4.1. Description of the 2020 and 2021 Sons al Balcó datasets
Participants in both Sons al Balcó project campaigns were asked to send 30-s audio files recorded with their own smartphones from their balconies. In addition, they were asked to answer a survey describing the soundscape in their locations and their subjective perception of the predominant sounds in each spot.

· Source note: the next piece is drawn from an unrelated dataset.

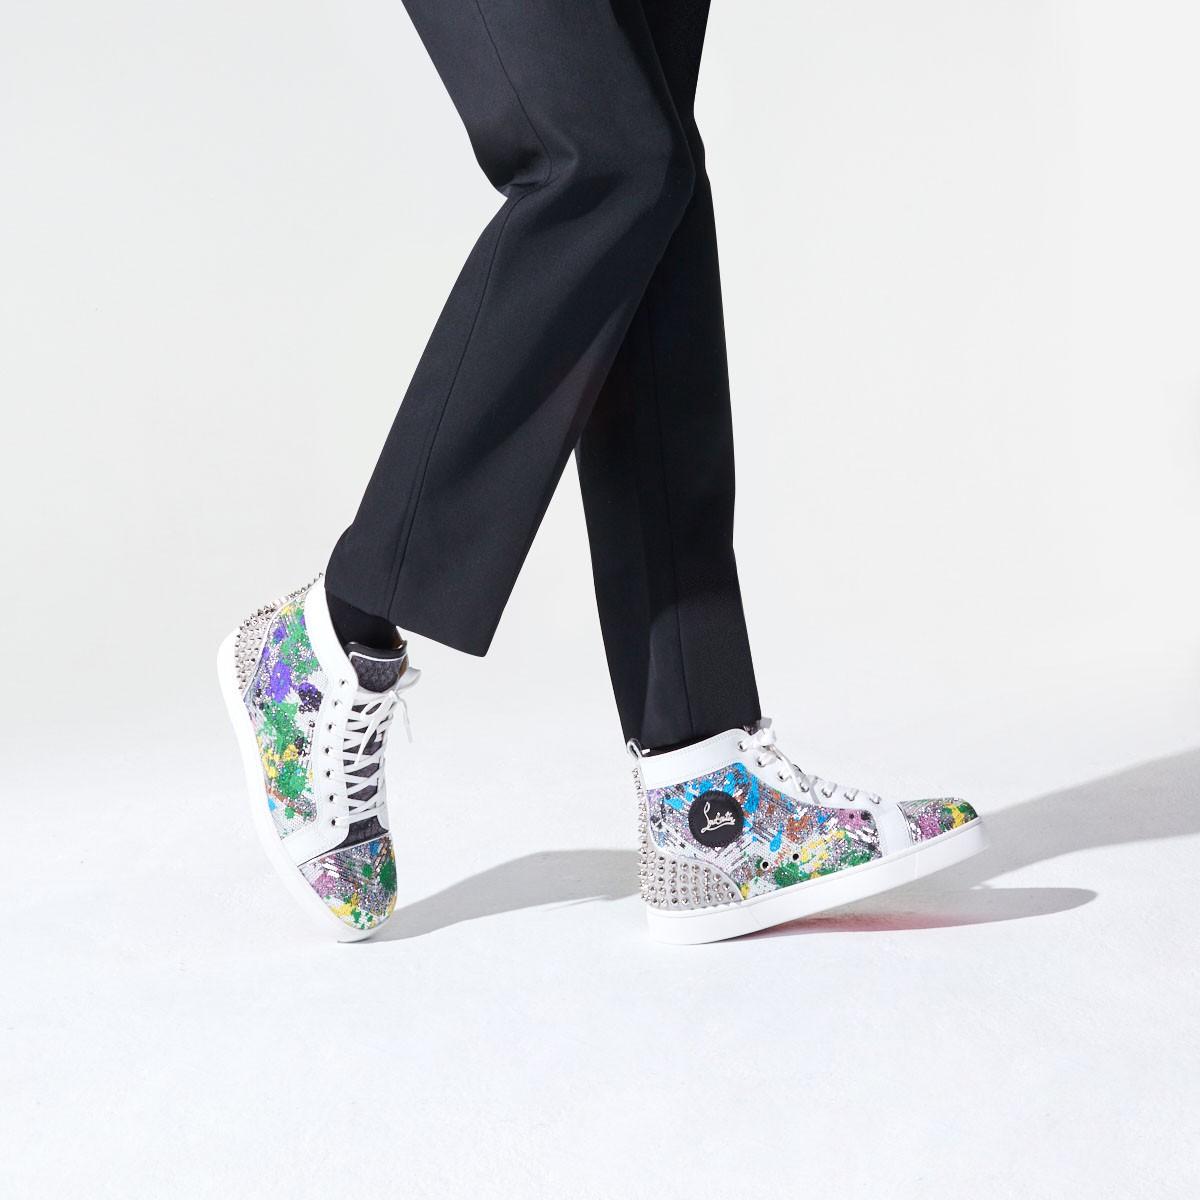 Shoes - Lou Spikes III - Christian Louboutin

Surveys’ answers added informative metadata to the recordings such as the spatial context or location.
The first part of this section describes the datasets and the taxonomy used to label them. Then, the second part of this section exposes a detailed description of the data collected during the 2020 and 2021 campaigns. Finally, the two datasets are compared.
4.1.1. Taxonomy and General Description
During the 2020 campaign, a total of 365 contributions with a total extension of 12,236 s were collected in Catalonia during the campaign. After manually annotating the audio files, 313 locations and 8302.85 s included at least one of the sound categories of the taxonomy in
Figure 2.
For the 2021 campaign, 237 participants submitted audio files with a total duration of 7688 s. A total of 236 of these locations and 6951.57 s contained some of the target sound classes. Despite the lower number of contributions in 2021 compared to the 2020 campaign, the total time of meaningful data for sound classification is similar enough.
Both campaigns have been manually labelled using a hierarchical taxonomy. The main categories of sound elements, as shown in
Figure 2, are six. First,
Human, which includes those sounds directly produced by human bodies, but also includes music with human voices. Second,
Industrial, which focuses on all sounds produced by machinery: from vacuum cleaners to ventilation devices. This category also includes sounds produced by construction sites. Third,
Nature, which includes sounds produced by animals, vegetation or meteorological elements. Fourth,
Signals, which includes all sound events related to signalling, such as alarms, bells, car horns or sirens. Then there is the heterogeneous
Things category, which includes sounds caused by objects (e.g., a door closing or a ball bouncing). Finally, the last category is
Transport, which includes all sounds produced by motorized and non-motorized transportation.
A hierarchical taxonomy was chosen because it is easily scalable and expandable. For this reason, the main categories described above were derived in different sub-categories. Some of the labels were nonexistent during the 2020 campaign but were added the next year when new sounds appeared (e.g., cough or sheep).
For classification purposes, it is desirable to use specific labels on the lower level of the hierarchy (fine labels). However, some intermediate or higher-level labels have been used during the 2020 and 2021 campaigns when it was not possible to accurately differentiate them from several subcategories, such as in motorized transports, signals or even animals. It is also worth noting that the category Things/Movement is quite heterogeneous in its definition since it includes a wide range of different sounds, such as dishes being stacked or a chair being dragged. Heterogeneous sound classes are usually more difficult to automatically classify using machine learning algorithms.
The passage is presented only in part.